Avec la reconnaissance symbolique cette semaine de l’état de Palestine « à côté de l’état d’Israël » au Royaume-Uni, le débat vieux de plusieurs décennies a été relancé. Les avocats dans la communauté internationale d’une solution à deux états et les inconditionnels des Accords d’Oslo font briller leurs chaussures et ressortent leurs vieux costumes.
Dans le même temps, un théoricien et un intellectuel américano-palestinien à la sagesse proverbiale doit se retourner dans sa tombe... Edward Saïd l’avait dit il y a bien longtemps et cela ne pourrait être plus juste aujourd’hui :
« La question, je crois, n’est pas de savoir comment trouver les moyens de les maintenir séparés, mais de voir s’il est possible pour eux de vivre ensemble et aussi paisiblement que possible. »
Ceux qui préconisent la séparation sont ignorants des complexités des relations israélo-palestiniennes à l’extérieur et à l’intérieur d’Israël.
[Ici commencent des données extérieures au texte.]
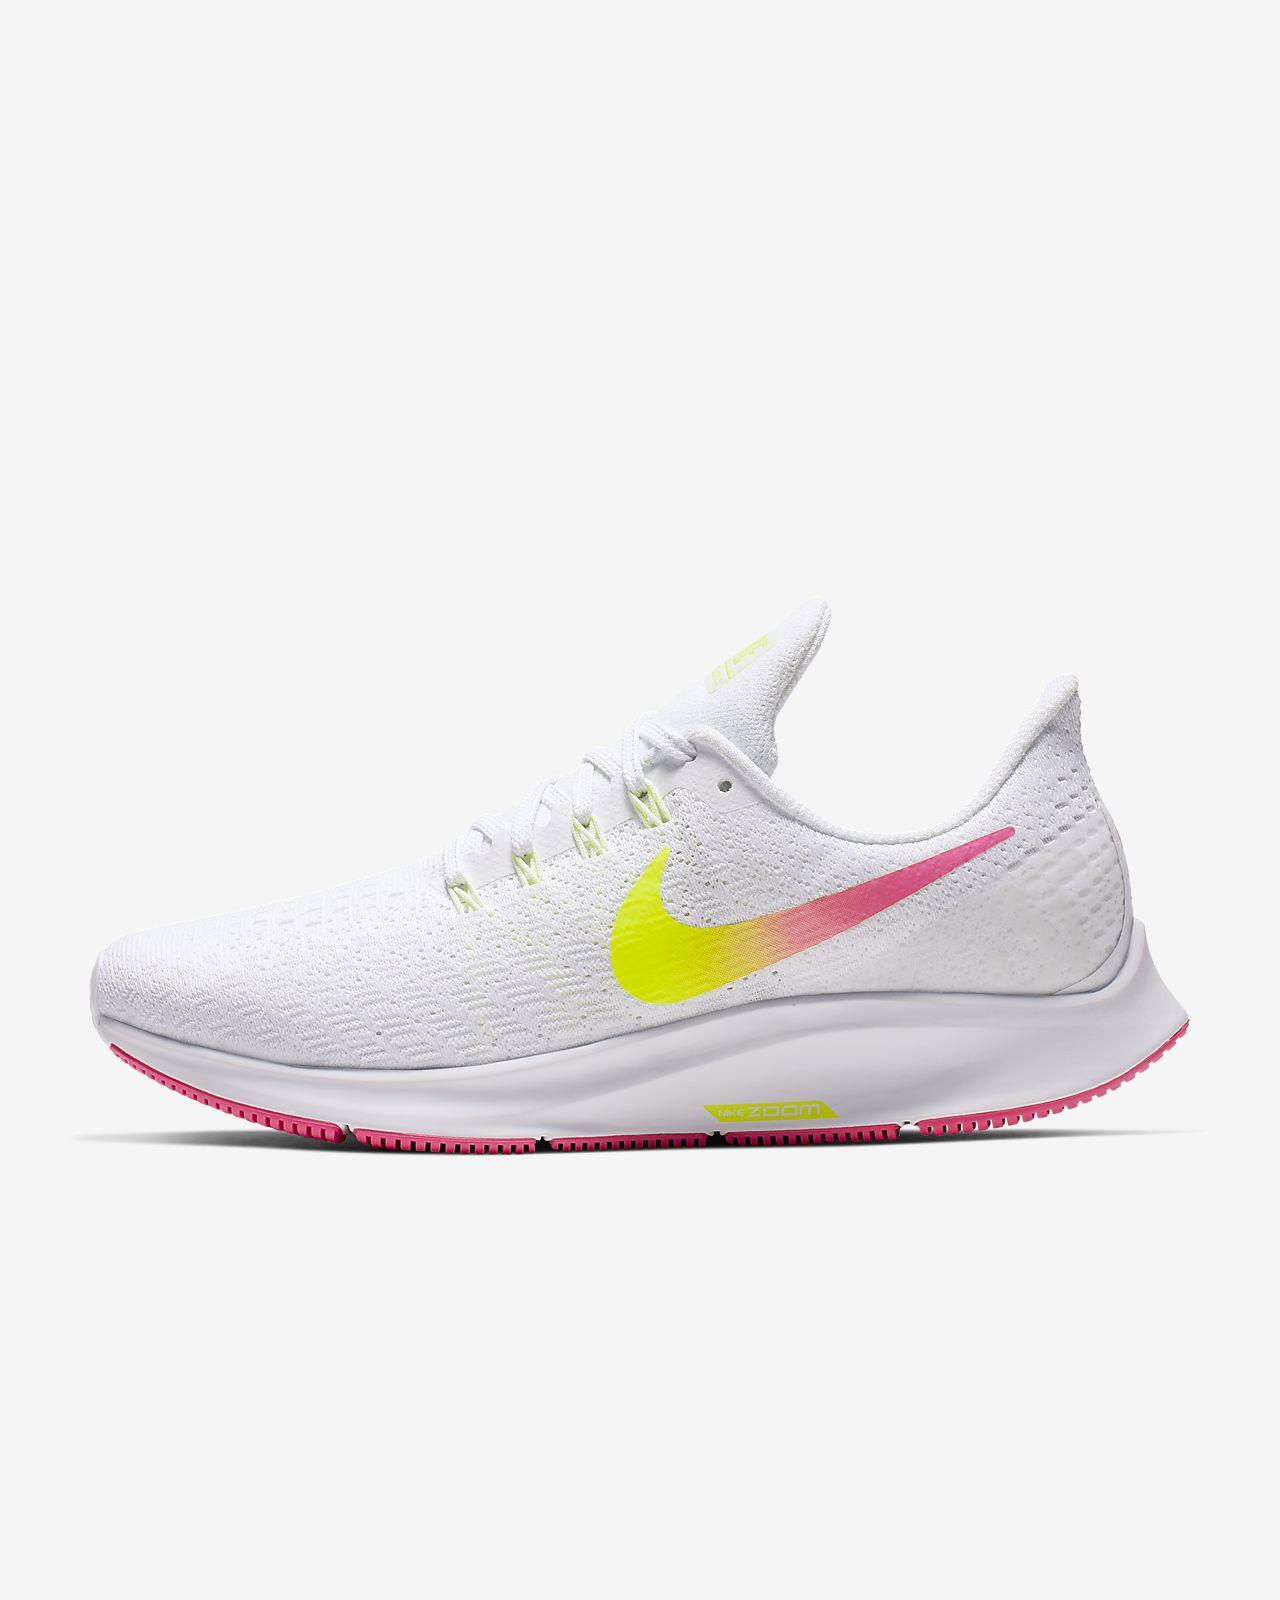 the best attitude 48ca7 c8943 ... Damskie buty do biegania Nike Air Zoom Pegasus 35

Le paradoxe des politiques d’apartheid en Israël, c’est que celles-ci veulent imposer la séparation entre les colons et les natifs, mais en poursuivant simultanément une expansion qui force l’interaction et dans certains cas, l’intégration.
Quelques députés britanniques ont affirmé dans leurs discours qui ont précédé le vote, qu’il était impossible de croire à une solution à deux États. Ils semblent avoir une très bonne compréhension du niveau de monstruosité atteint par l’occupation et de jusqu’à quel point les colonies de peuplement sont devenues écrasantes dans des territoires qui devraient être palestiniens.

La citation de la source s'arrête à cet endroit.